The queries give different estimates because the first one does not benefit from the Parameter Embedding Optimization. From the point of view of the optimizer the query might as well be:
SELECT * FROM t1 WHERE b>???;
To get an idea of how cardinality estimates might work for simple queries, sometimes I think about what I would do if I had to program the query optimizer to produce an estimate. Often those thoughts don't exactly match what SQL Server does but I find it helpful to keep in mind that the optimizer is almost always working with imperfect or limited information. Let's go back to your first query:
DECLARE @c INT=300;
SELECT * FROM t1 WHERE b>@c;
Without a RECOMPILE hint the optimizer doesn't know the value of the @c local variable. There isn't enough information here to do a proper estimate, but the optimizer needs to create an estimate for all queries. So what can a programmer of the optimizer do? I suppose that a sophisticated algorithm that makes a guess based on the distribution of values in the column would be possible to implement, but Microsoft uses a hardcoded guess of 30% for an unknown inequality. You can observe this by changing the value of the local variable:
DECLARE @c INT=999999999;
SELECT * FROM t1 WHERE b>@c;
The estimate is still 300 rows. Note that the estimates do not need to be consistent between queries. The following query also has an estimate of 300 rows as opposed to 1000 - 300 = 700:
DECLARE @c INT=300;
SELECT * FROM t1 WHERE NOT (b>@c);
Conceptually, it can be rewritten as
DECLARE @c INT=300;
SELECT * FROM t1 WHERE b<=@c;
Which will have the same hardcoded 30% estimate.

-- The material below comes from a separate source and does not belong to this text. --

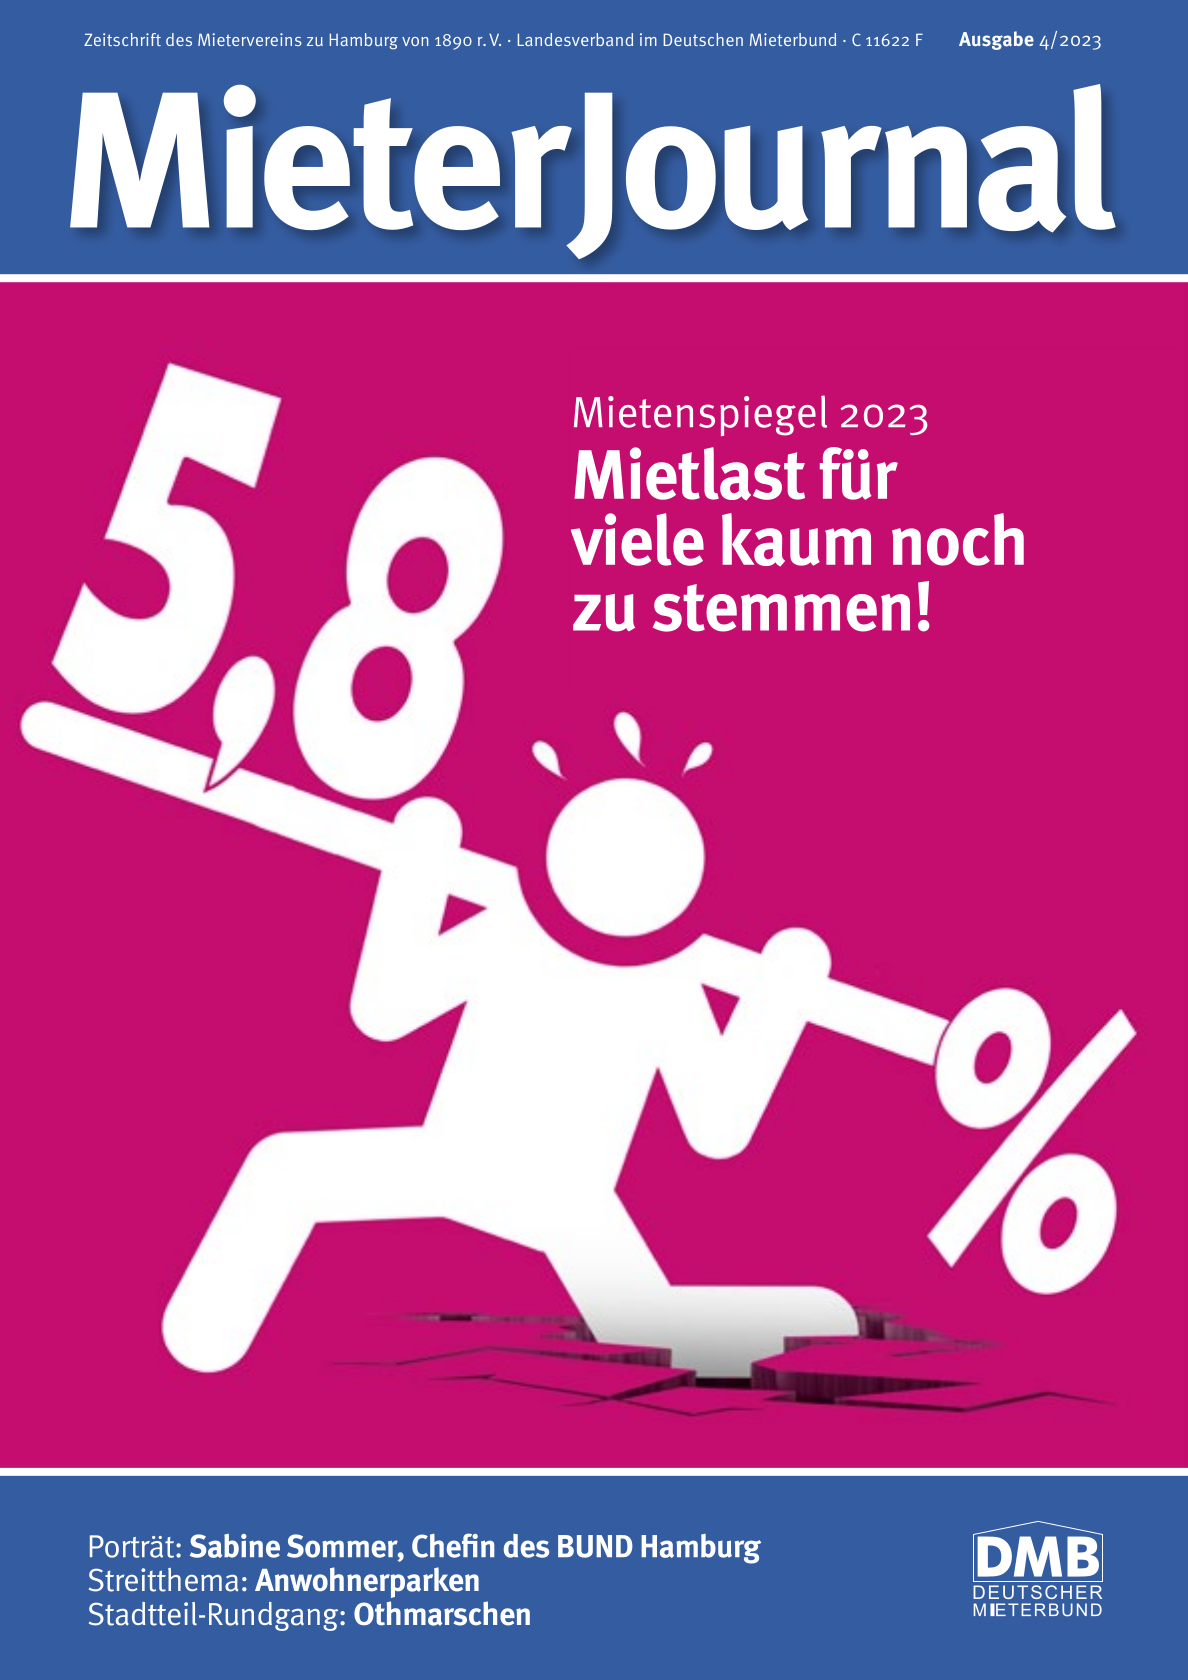 Die Titelseite des MieterJournals 4 2023 zeigt eine Figur, die ein Gewicht stemmt. Hier geht es darum, dass die Mieter:innen der Hansestadt die Erhöhung der Mieten um 5,8 Prozent kaum noch stemmen können.

Your second query does not use a local variable, so the optimizer can directly use the statistics object that you created on the column to aid with estimation. Histograms can only have up to 201 steps and your table has 1000 distinct values so there are some filter values in which the optimizer does not have complete information. In those cases it needs to make more of a guess. Here's how you can view the histogram for the b column:
DBCC SHOW_STATISTICS ('t1', 's_b') WITH HISTOGRAM;
On my machine I got lucky in that 300 is the high value for one of the steps of the histogram:
You can find an explanation of the different columns in the documentation. Going forward I'm going to assume that you know what they all mean. The query requests rows with b > 300, so the histogram with a RANGE_HI_KEY of 300 is irrelevant, as are all of the steps with a lower RANGE_HI_KEY. For this query, I would program the optimizer to simply sum all of the RANGE_ROWS and EQ_ROWS values for the remaining 133 steps of the histogram. Those columns add up to 700 and that is SQL Server's estimate.
Other filter values may not give exact results. For example, the following two queries both have cardinality estimates of 704 rows:
SELECT * FROM t1 WHERE b>293; -- returns 707 rows
SELECT * FROM t1 WHERE b>299; -- returns 701 rows
Both estimates are very close but not exactly right. The histogram does not contain enough information for those values to provide an exact estimate.